For the code and guide of the baseline system, please refer to video only system at Github link

For more description of the baseline system, please refer to the following paper:

Audio-Visual Wake Word Spotting in MISP2021 Challenge: Dataset Release and Deep Analysis

Introduction

This is the baseline system for the Chat-scenario Chinese Lipreading (ChatCLR) Challenge task 1. This task concerns the lipreading of predefined wake word(s) with only visual modality. ‘1’ indicates that the sample contains a wake word, and ‘0’ indicates the opposite.

System Description

The video system implements a neural network (NN) based approach and a network consisting of CNN layers, LSTM layer, and fully connected layers are trained to assign labels to the samples.

Video Wake Word Spotting

To get visual embeddings, we first crop lip region of interest (ROI) from video streams, then use the lipreading TCN to extract 512-dimensional features. Several data augmentation methods (optional) are also adopted for video data.

Results

We utilize the Score as the performance criterion of the wake word lipreading task, which is calculated as the sum of the false reject rate (FRR) and false alarm rate (FAR).
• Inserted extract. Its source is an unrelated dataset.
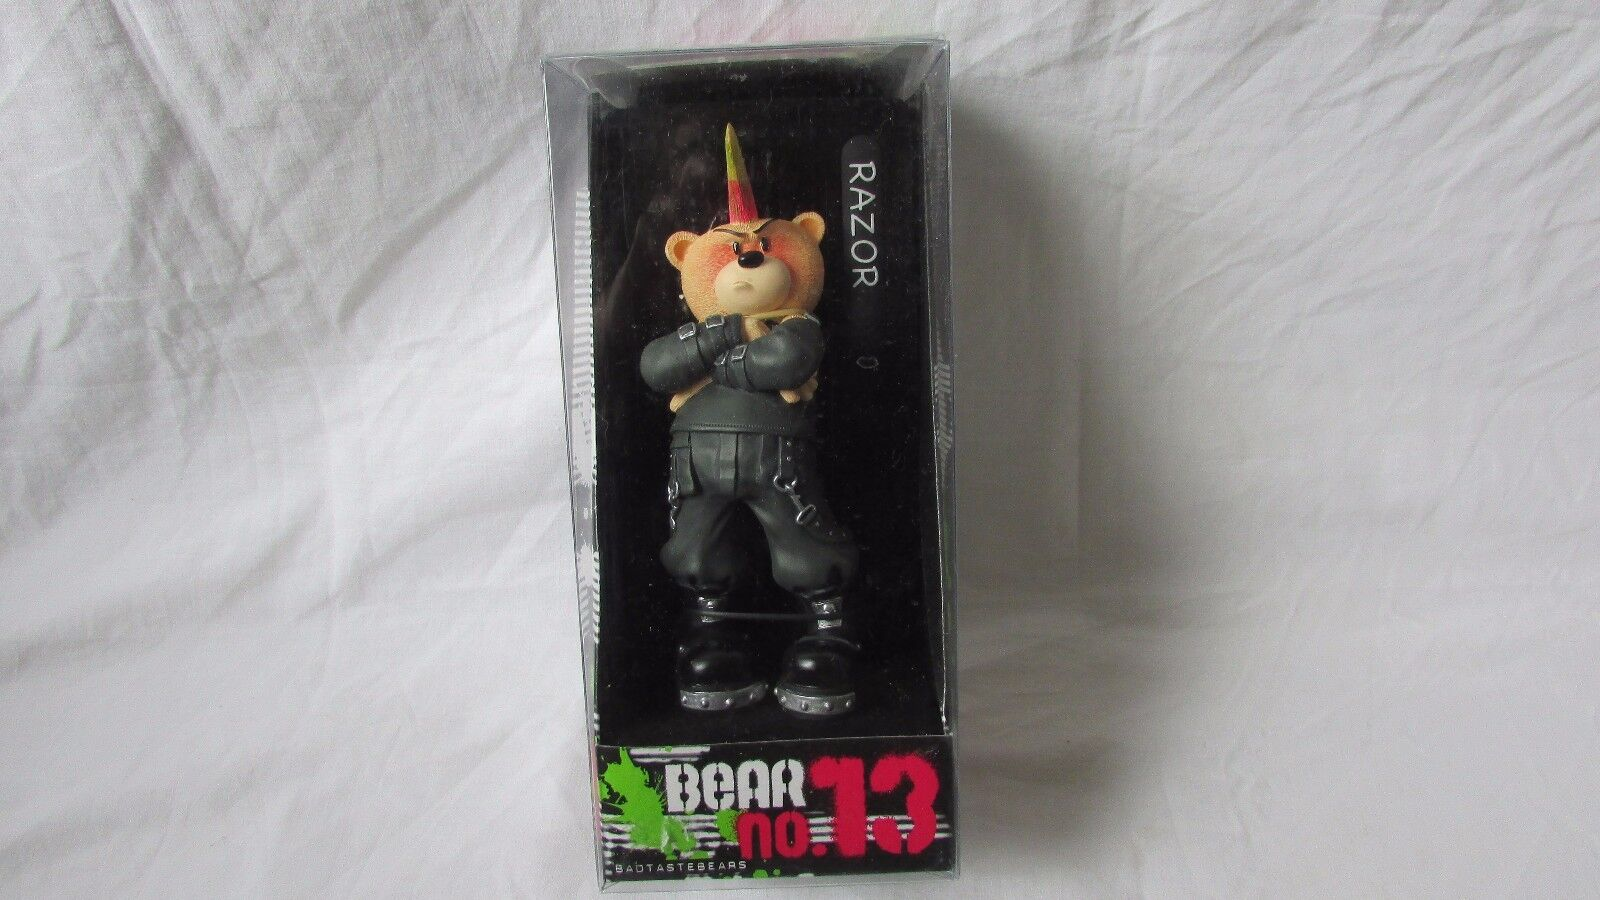 Bad Taste Bears Bears Dolls Amp Bears

The system performances on the development set are as follows:

DA	FAR	FRR	Score
No	0.147	0.494	0.641
Yes	0.384	0.087	0.471

“DA” indicates data augmentation.

Setting Paths

kws_net_only_video

--- kws_net_only_video/run.sh --- # Defining corpus directory data_root= # Defining path to python interpreter python_path=

Running the baseline system

Run Video Training

cd ../kws_net_only_video sh run.sh

Requirments

pytorch
python packages

numpy

OpenCV

tqdm

other tools

sox